0

I try to make a wordcloud in R but my dataset is too big (500.000 Tweets are in it) But I get always the error message running line

m <- as.matrix(tdm)

"Error: cannot allocate vector of size 539.7 Gb"

Is there a more efficient way in R to create an Wordcloud?

Here is my code so far:

corpus <- Corpus(VectorSource(response$Tweet))
##cleaning Data
corpus <- tm_map(corpus,content_transformer(tolower))
corpus <- tm_map(corpus, stripWhitespace)
corpus <- tm_map(corpus, removeWords, stopwords("english"))
corpus <- tm_map(corpus, removePunctuation)
tdm <- TermDocumentMatrix(corpus)
m <- as.matrix(tdm)
v <- sort(rowSums(m),decreasing = TRUE)
d <- data.frame(word = names(v), freq=v)
wordcloud(d$word, d$freq, random.order=FALSE, min.freq = 12, rot.per=0.35,max.words = 150,colors = brewer.pal(8, "Dark2"))
stefan
  • 11
  • 3
  • How big is your dataframe `d`? Have you tried decreasing the size of your dataframe (e.g., `head(d, n = 150)`), instead of using the `max.words` argument? – jrcalabrese Jan 08 '23 at 14:32
  • @jrcalabrese in my case I don't get to the point that "d" is created.

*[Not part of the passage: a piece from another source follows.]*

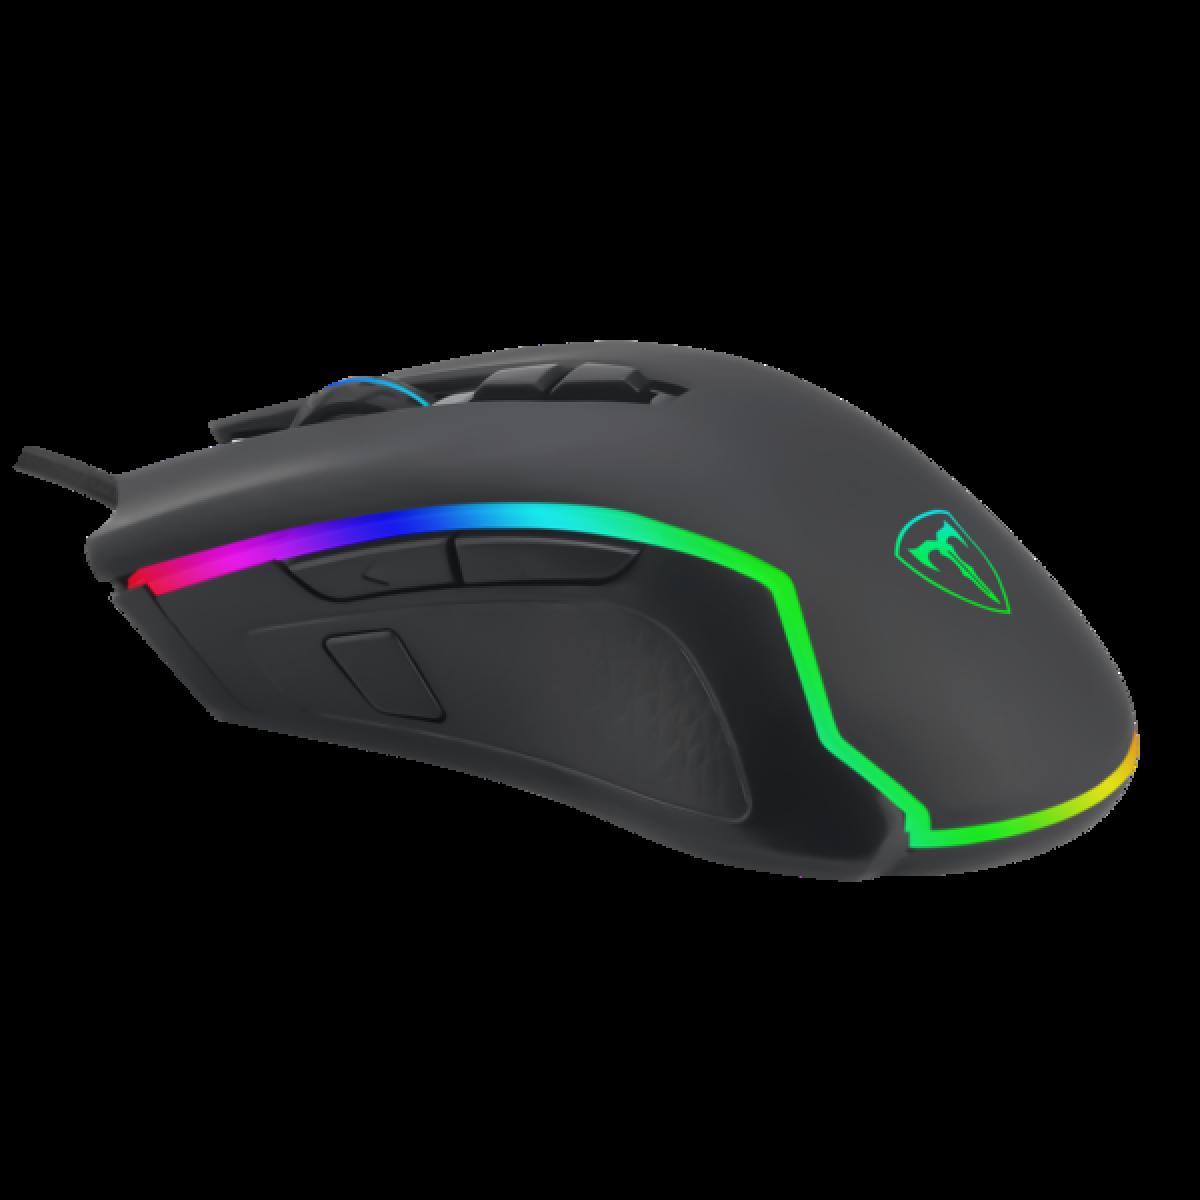 Mouse Gamer T-Dagger Second Lieutenant, RGB 8000 DPI, 8 Botões Programáveis, Black, T-TGM300

Its failing in creating "m" of my TermDocumentMatrix. My corpus has 482794 elements with 85.4 MB I'm not 100% sure, but I guess this step is vital because there the matrix is created with the word frequencies and the result wouldn't be the same if I only work with head data. – stefan Jan 08 '23 at 15:54
  • Ah ok, then it looks like you may have to use an additional package (probably `slam` or `Matrix`); [this person](https://stackoverflow.com/questions/50890935/why-does-as-matrix-result-in-memory-overload-while-running-text-mining-in-r) and [this person](https://stackoverflow.com/questions/66573833/error-cannot-allocate-vector-of-size-38-3-gb-while-creating-a-document-term-mat) had the same issue. – jrcalabrese Jan 08 '23 at 16:11
  • 1
    @jrcalabrese thank you very much you showed me the right direction. I somehow had issues because Matrix somehow was used and I wasn't succeeding with slam but by continuing to search for an answer with this two packages I came to my main issue with the sparsity. I just needed to add tdms <- removeSparseTerms(tdm, 0.99) to reduce the sparsity and I was able to create the word cloud – stefan Jan 08 '23 at 18:50

1 Answers1

1

Before creating the matrix it is necessary to reduce the sparsity after that you need that much RAM to create the matrix tdms <- removeSparseTerms(tdm, 0.99)

stefan
  • 11
  • 3